After you’ve added the basics, layer in high-value fields like:
- Category or taxonomy
- Color, material, and size variants
- Shipping cost and speed
- Review count and star rating
- Custom labels for campaigns or segmentation
Use the same language your customers use.
This means writing product information the way your customers actually talk and search, not how your internal teams or suppliers describe things. For example:
Instead of:
“Athletic footwear with moisture-wicking synthetic upper”
Write:
“Running shoes that keep your feet dry”
How do you find out how they talk?
Look at your customer reviews, support tickets, and search queries that already drive traffic to your store.
For example, they might search for “cozy sweater” not “knitted pullover.” This can inform your title and description choices.
How to Submit Product Feeds to LLMs
Here’s how to submit your product feeds for three of the biggest AI interfaces.
Perplexity:
In 2024, Perplexity launched their Merchant Program. This fuels the platform’s shopping experience for Pro users. Your products may appear in carousel-style answers and shopping-focused prompts, and shoppers can buy without leaving Perplexity.
You can find out more about the program and sign up here.
OpenAI (ChatGPT):
OpenAI is piloting product discovery via ChatGPT’s “Search + Product Discovery” initiative. They’re exploring using uploaded feeds to power future buying experiences inside ChatGP.
Fill out this interest form to apply.
Google Merchant Center (AI Mode and Gemini):
Google’s Merchant Center feeds power Shopping Ads, organic Shopping listings, and likely influence how Google’s AI systems interpret and surface your products in AI Mode and AI Overviews.

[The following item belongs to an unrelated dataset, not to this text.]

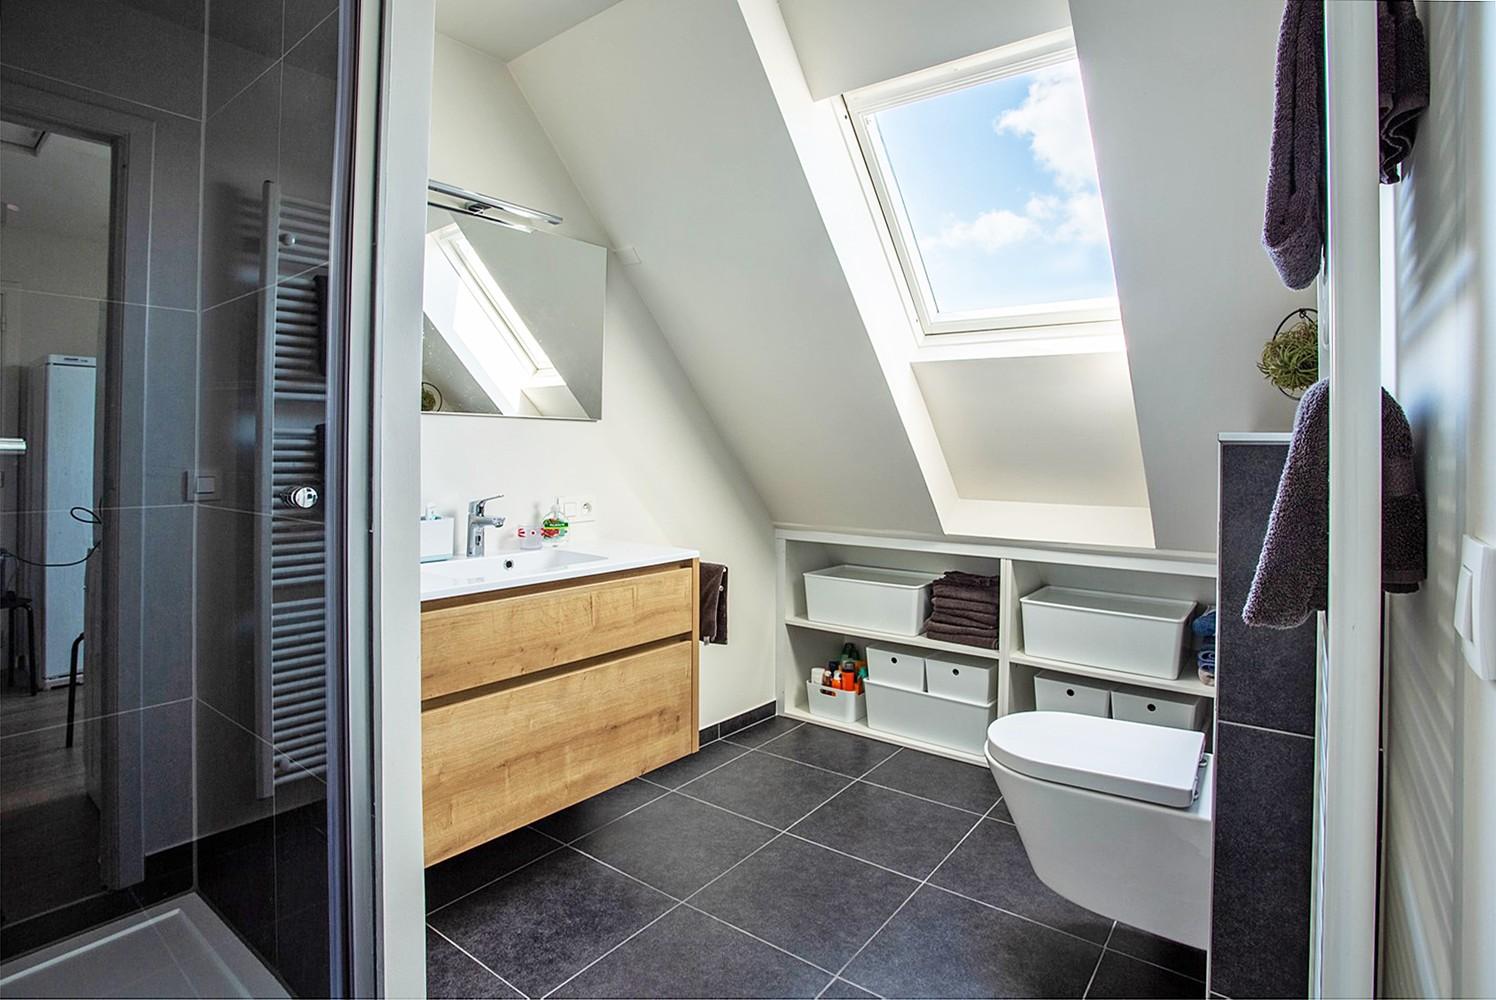 Verrassend ruim, lichtrijk appartement met 3 slaapkamers in hartje Broechem! afbeelding 11

Step 4: Monitor LLM Crawlers
Once you’ve put all the steps in place to make your ecommerce store crawlable by LLMs, the next step is to make sure they’re actually accessing your content and product pages.
Here’s how to do that:
Set Up Bot Monitoring
Use server logs or your CDN (like Cloudflare, Fastly, or Akamai) to track requests from:
- GPTBot: This user agent is used by OpenAI to crawl web content that may be used in training their generative AI foundation models.
- OAI-SearchBot: Used by OpenAI to link to and surface websites in search results in ChatGPT’s search features.
- PerplexityBot: Identifies Perplexity’s AI search crawler when it accesses websites.
- Google uses various Googlebot user agents to crawl the web, depending on the type of content being crawled (e.g., desktop, mobile, images). You can find a detailed list of common Googlebot user agent strings and their purposes in resources from Google for Developers.

For each of these bots, track:
- Which pages they’re crawling (PDPs, collection pages, sitemap, feed)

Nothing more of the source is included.